Thursday, February 01, 2007

A Lady dies, and another voice for Truth is lost.

I first bcame acquainted with Molly Ivins' work in May of 2003, after watching a broadcast of a book expo in L.A. on C-Span. She had joined comedian and political satirist Al Franken, and right-wing liar Bill O'Reilly, on a panel to discuss their upcoming books. While Franken enjoyed skewering the Fox Noise Channel talking head for lies he had told about awards his former TV show, Inside Edition, had won (with Billy-boy unable to do anything in response except to lamely yell "shut up"), Ms. Ivins displayed wit and grace that could only have come from a true Lady.

I made it a point to buy some of her books after that, including the one she had co-written with fellow journalist Lou DuBose, Bushwhacked: Life in George W. Bush's America (the tome she was dicussing at that panel in Los Angeles). And I read her columns online whenever I could.

The Lady had won my admiration, and inspired me to be a voice for Truth in a world where deceptions are presented as valid, "alternative viewpoints" on a daily basis.

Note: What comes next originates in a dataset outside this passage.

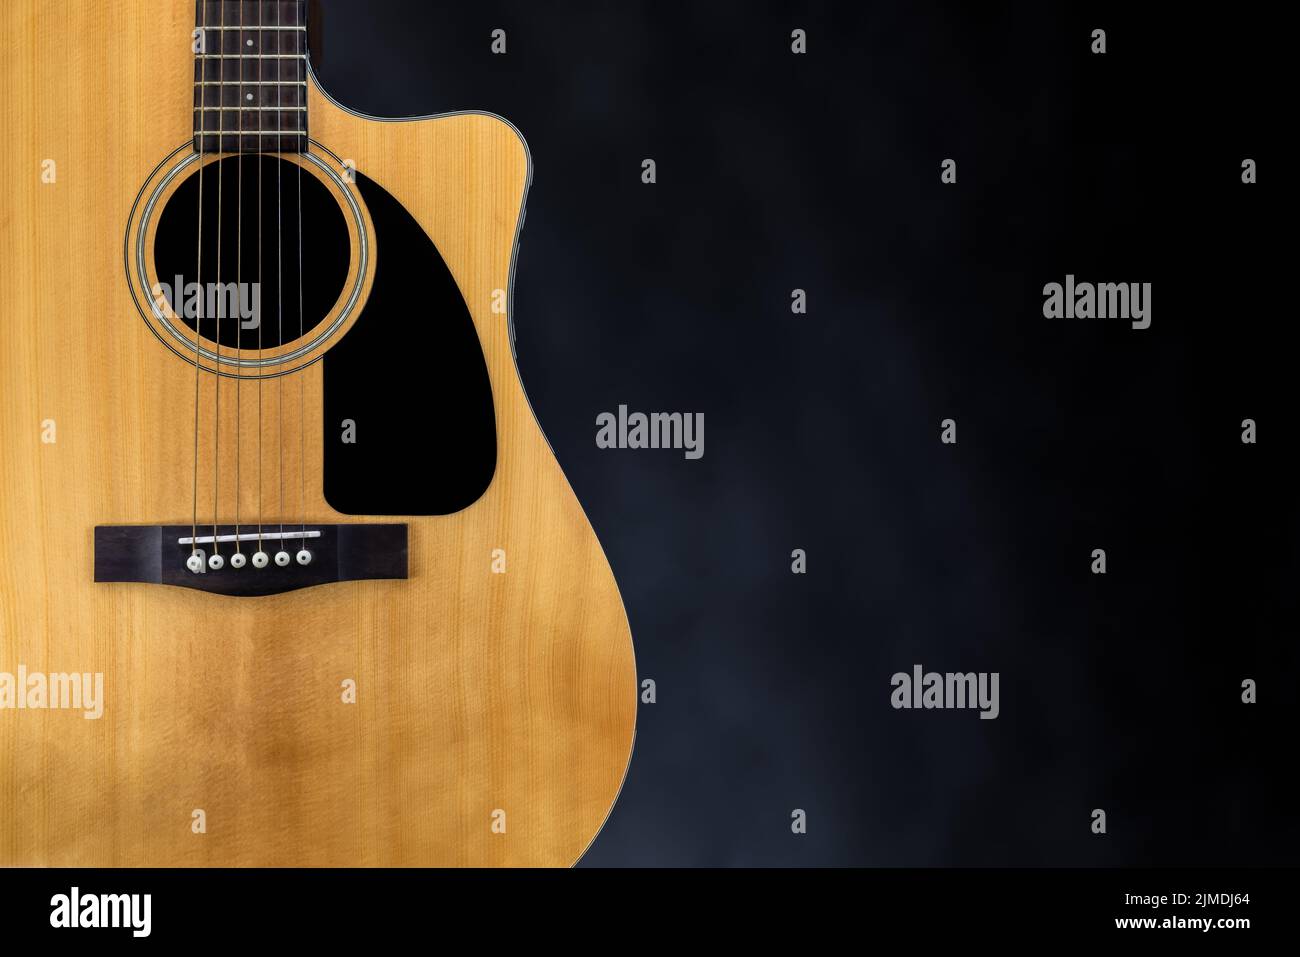 Sound board of classic yellow acoustic guitar with black pickguard and strings near isolated black background Stock Photo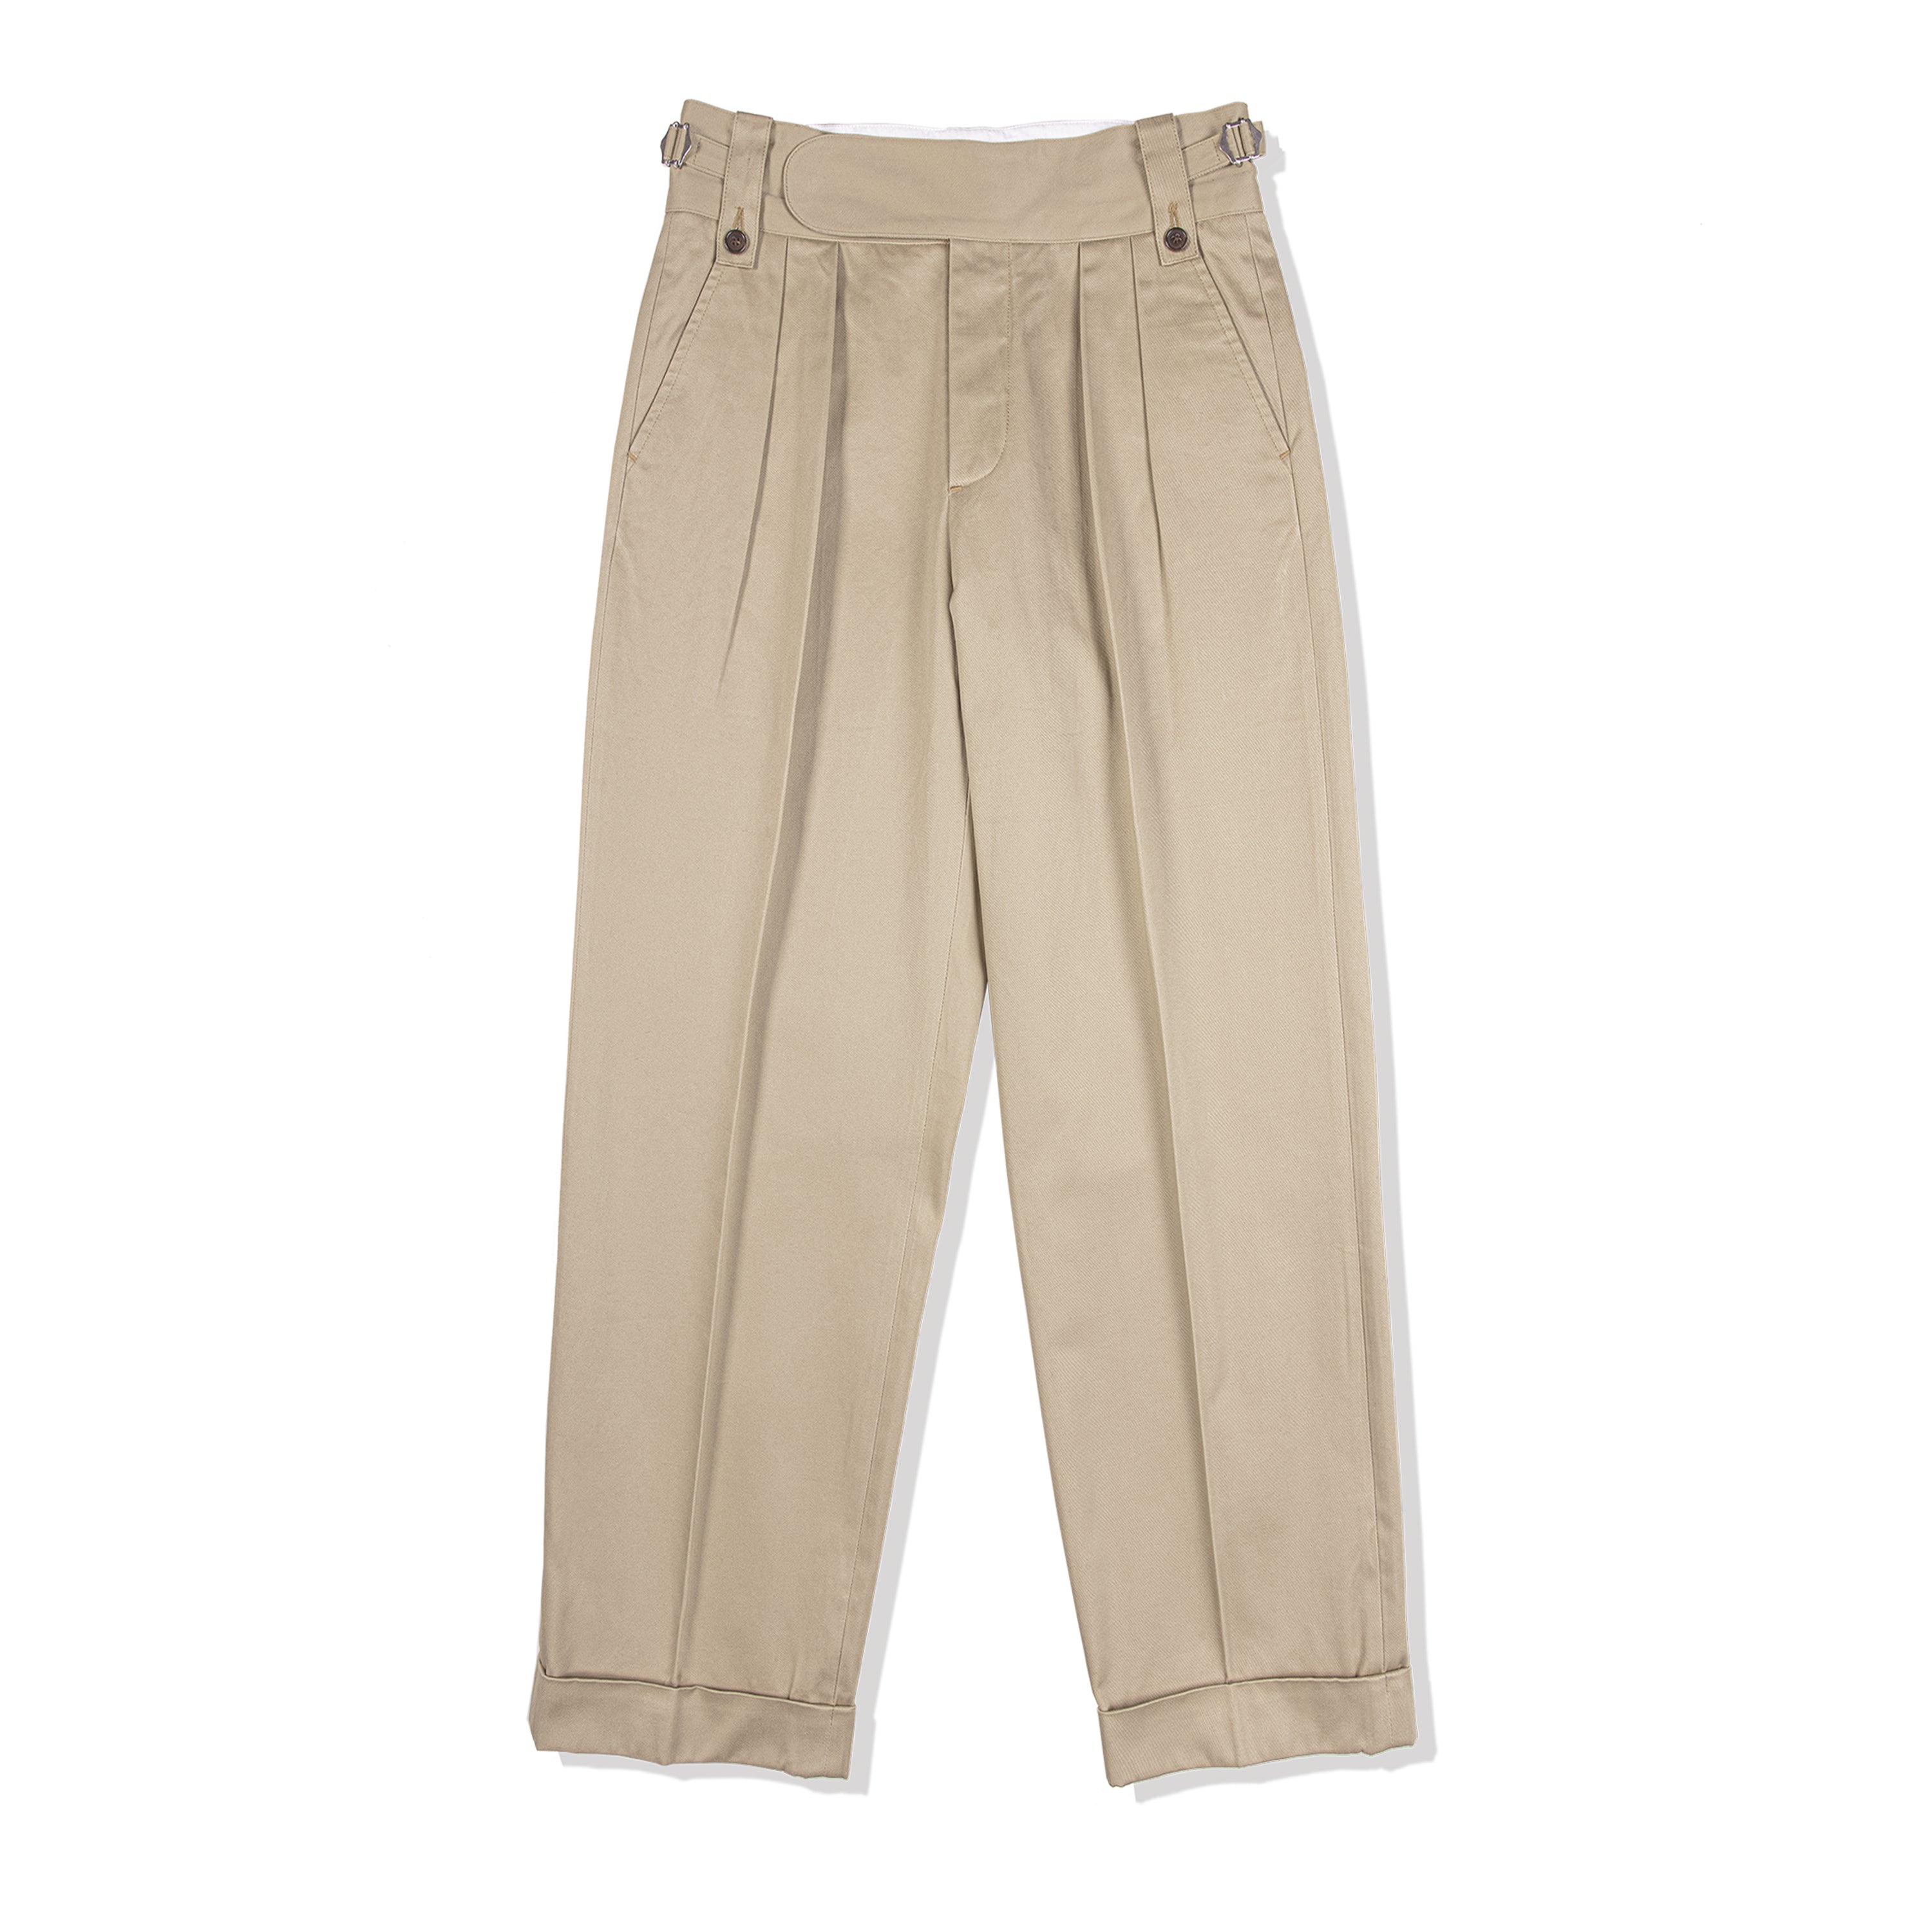 Red Wind High Waist Retro Tooling Pants for Men

You might ask, "how can you tell she was a Lady?" But it's not something you can put into words. Once you heard her speak, you just knew it. And because she was a Lady, she earned respect--even from most of those who fell under the scalpel of her pen, however grudgingly.

Ms. Ivins was an ardent critic of the Bush regime, and had zero tolerance for fools in public office, particularly in the Texas Legislature. She stood up and told the Truth, even when it was unpopular, and threw in her own brand of wit, Southern charm and biting humor.

It is a sad truth that the good die, while the bad manage to stay behind to continue fucking things up for the rest of us. MSNBC reports that Molly Ivins, aged 62, died yesterday of breast cancer.

The world is a much darker place now that her light has gone out. So it is up to the rest of us who value Truth to take up our own torches, and throw our spotlights on those who abuse the power life has given them. And, as Ms. Ivins urged, have fun doing it.